PROBLEM REQUIREMENTS: Leave out the images; return the rest of the data exactly.

SOURCE MATERIAL:
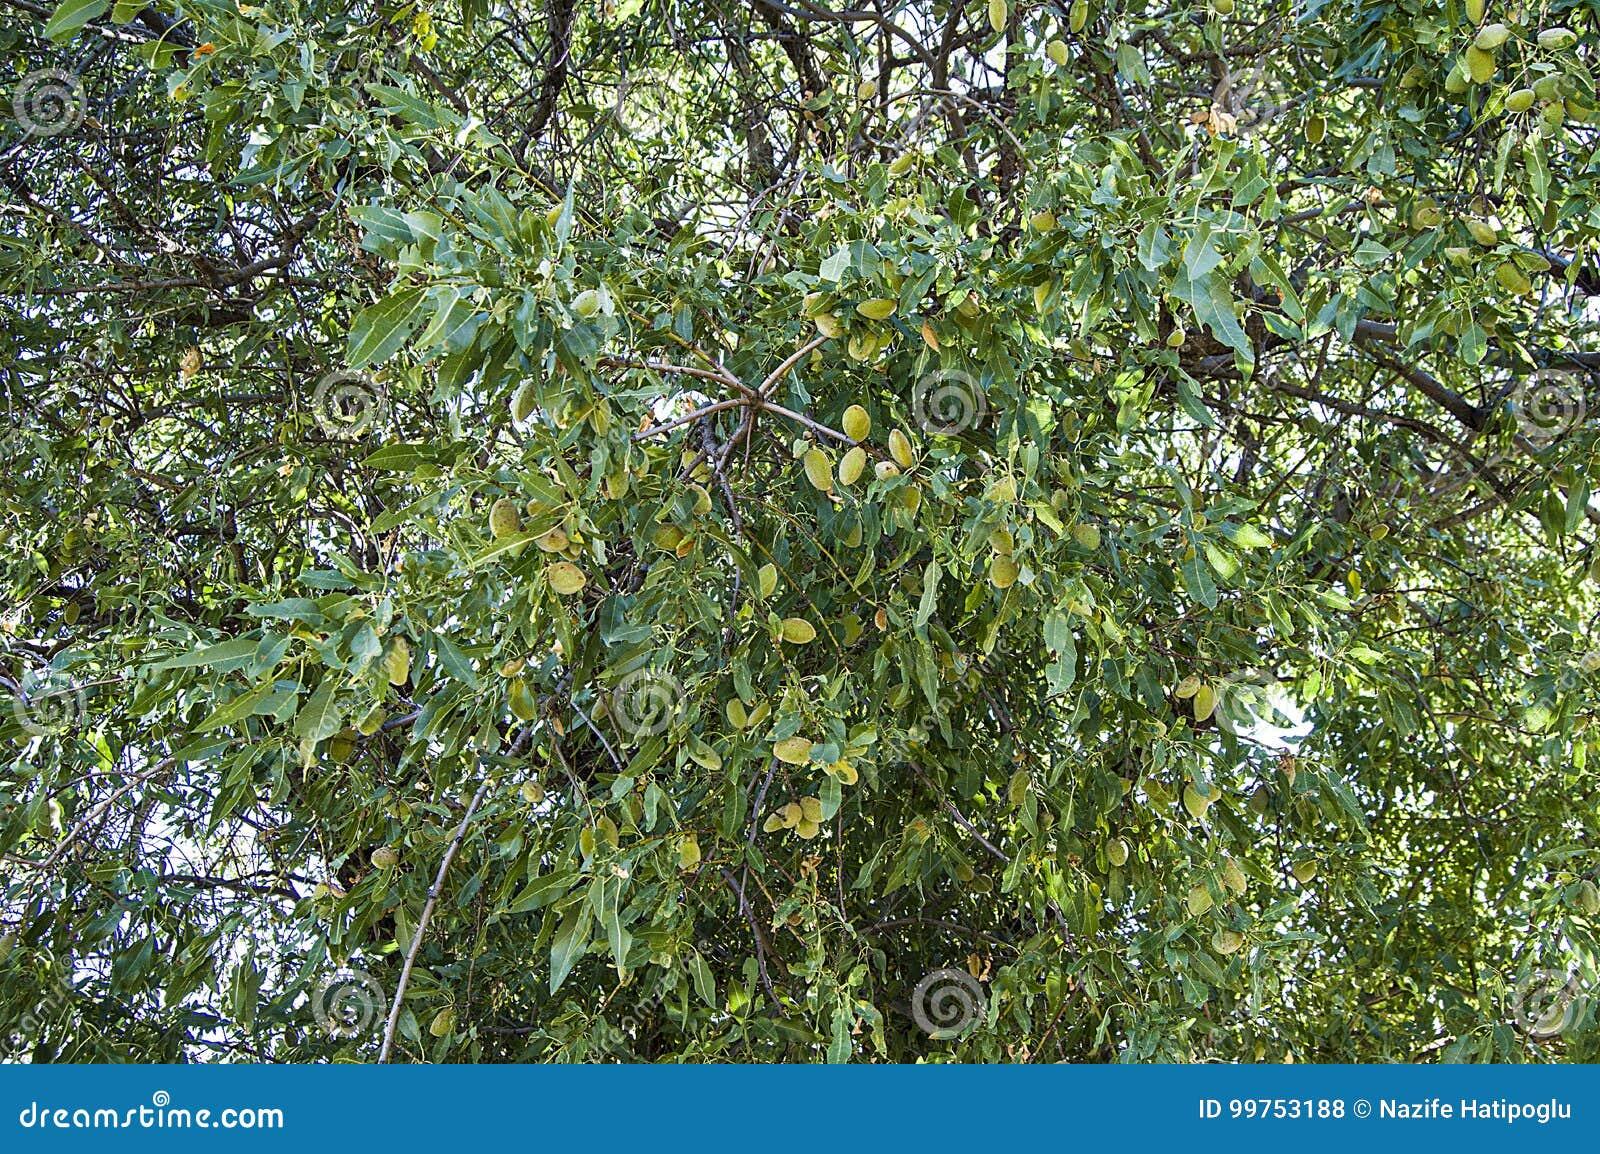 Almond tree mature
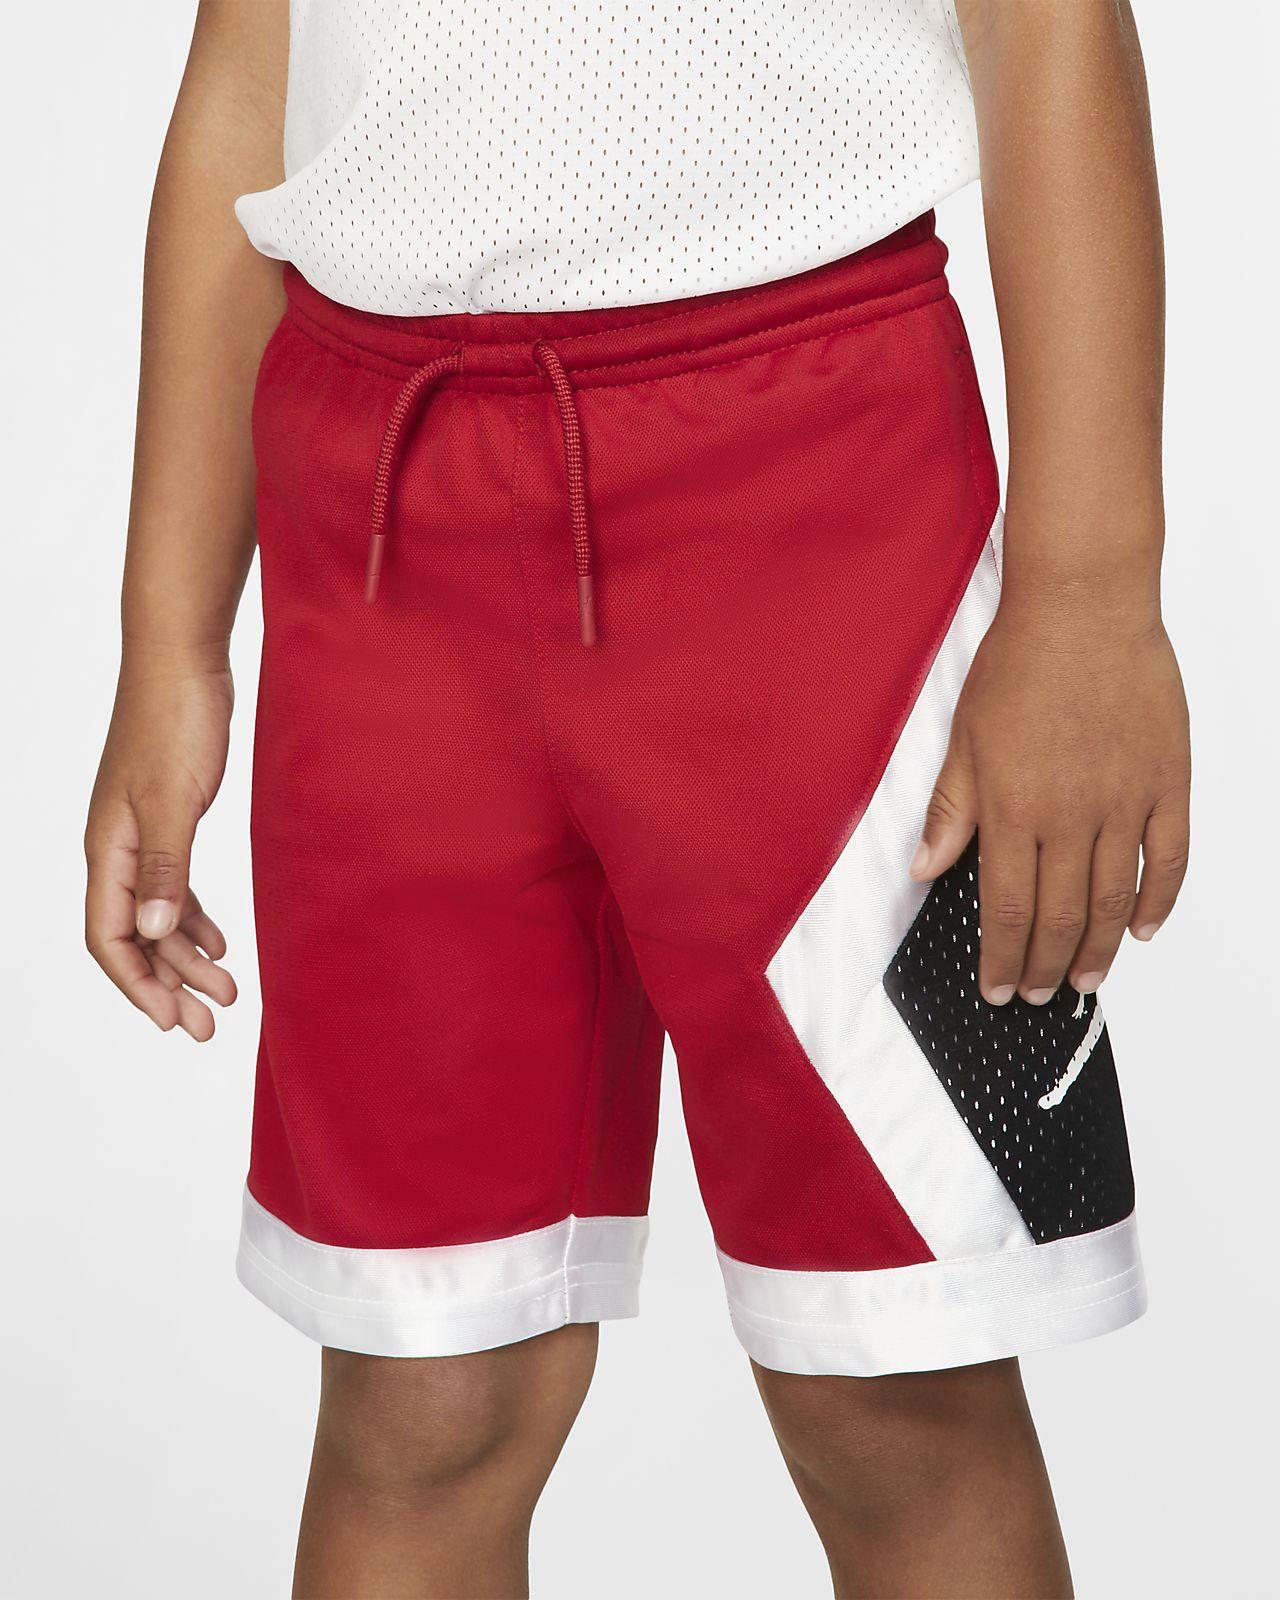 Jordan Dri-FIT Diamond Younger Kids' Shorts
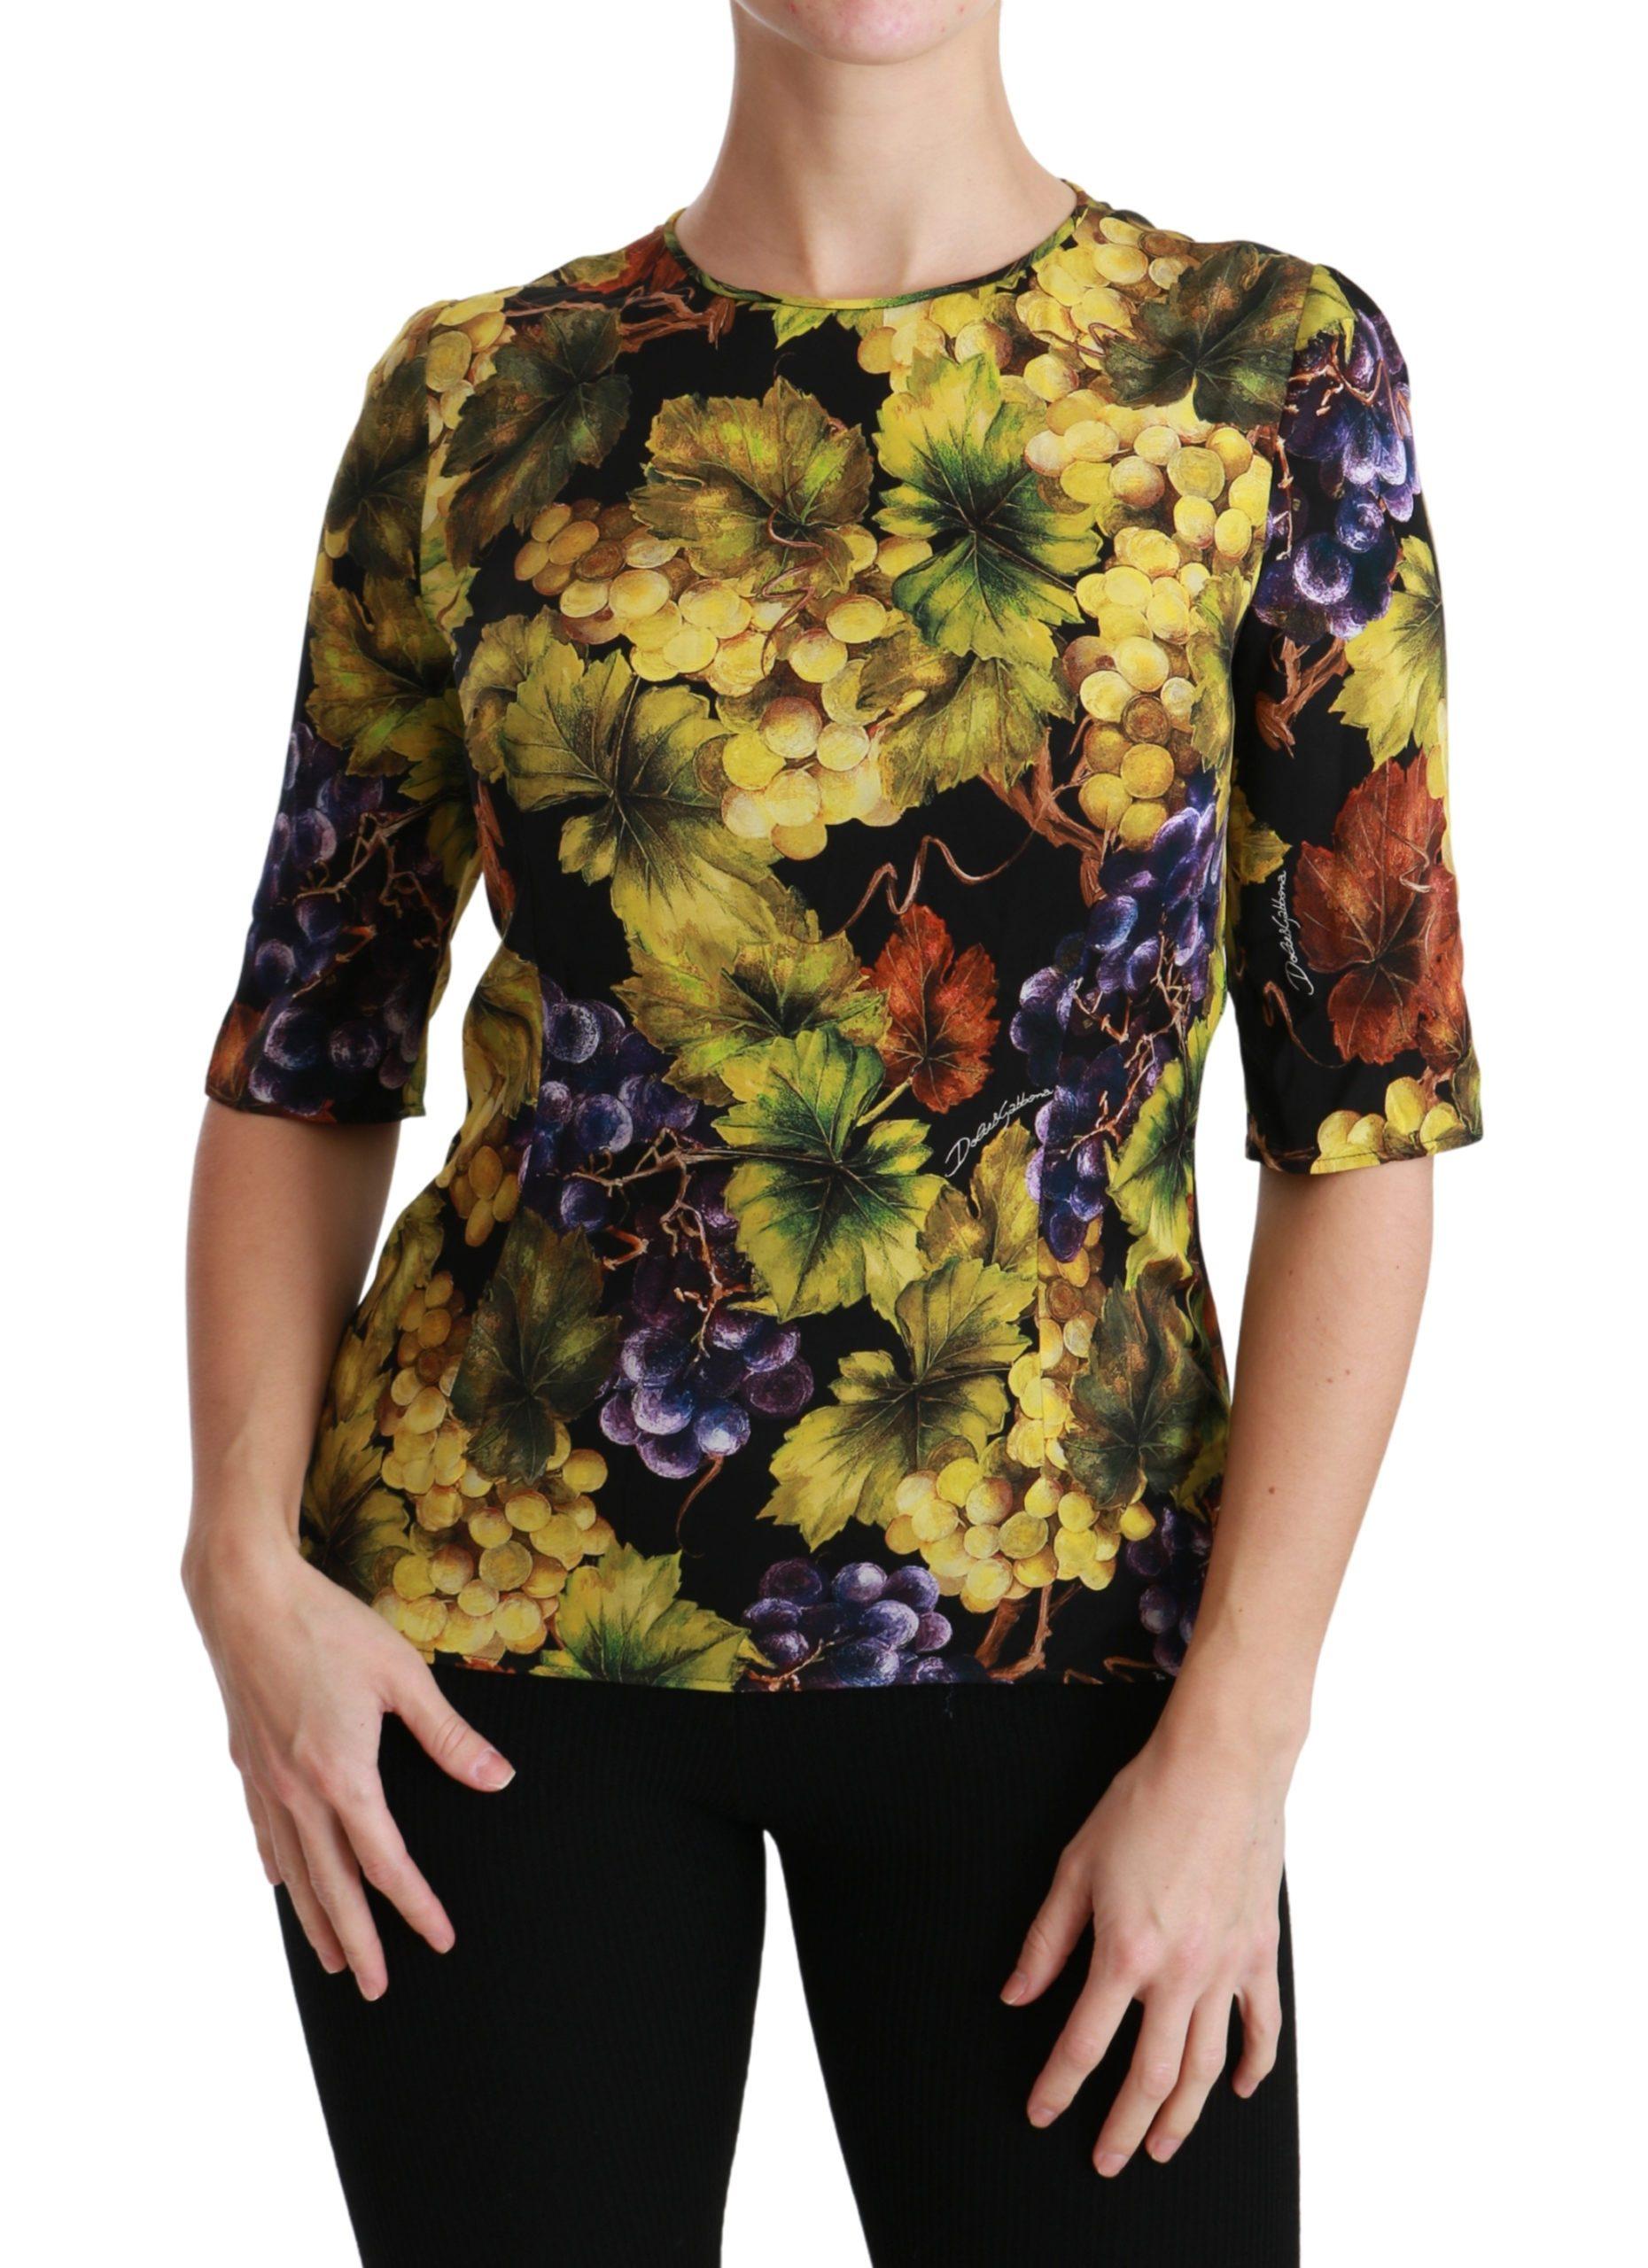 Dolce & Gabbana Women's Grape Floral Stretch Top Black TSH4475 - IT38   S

RESULT OF THE TASK:
 Almond tree mature
 Jordan Dri-FIT Diamond Younger Kids' Shorts
 Dolce & Gabbana Women's Grape Floral Stretch Top Black TSH4475 - IT38   S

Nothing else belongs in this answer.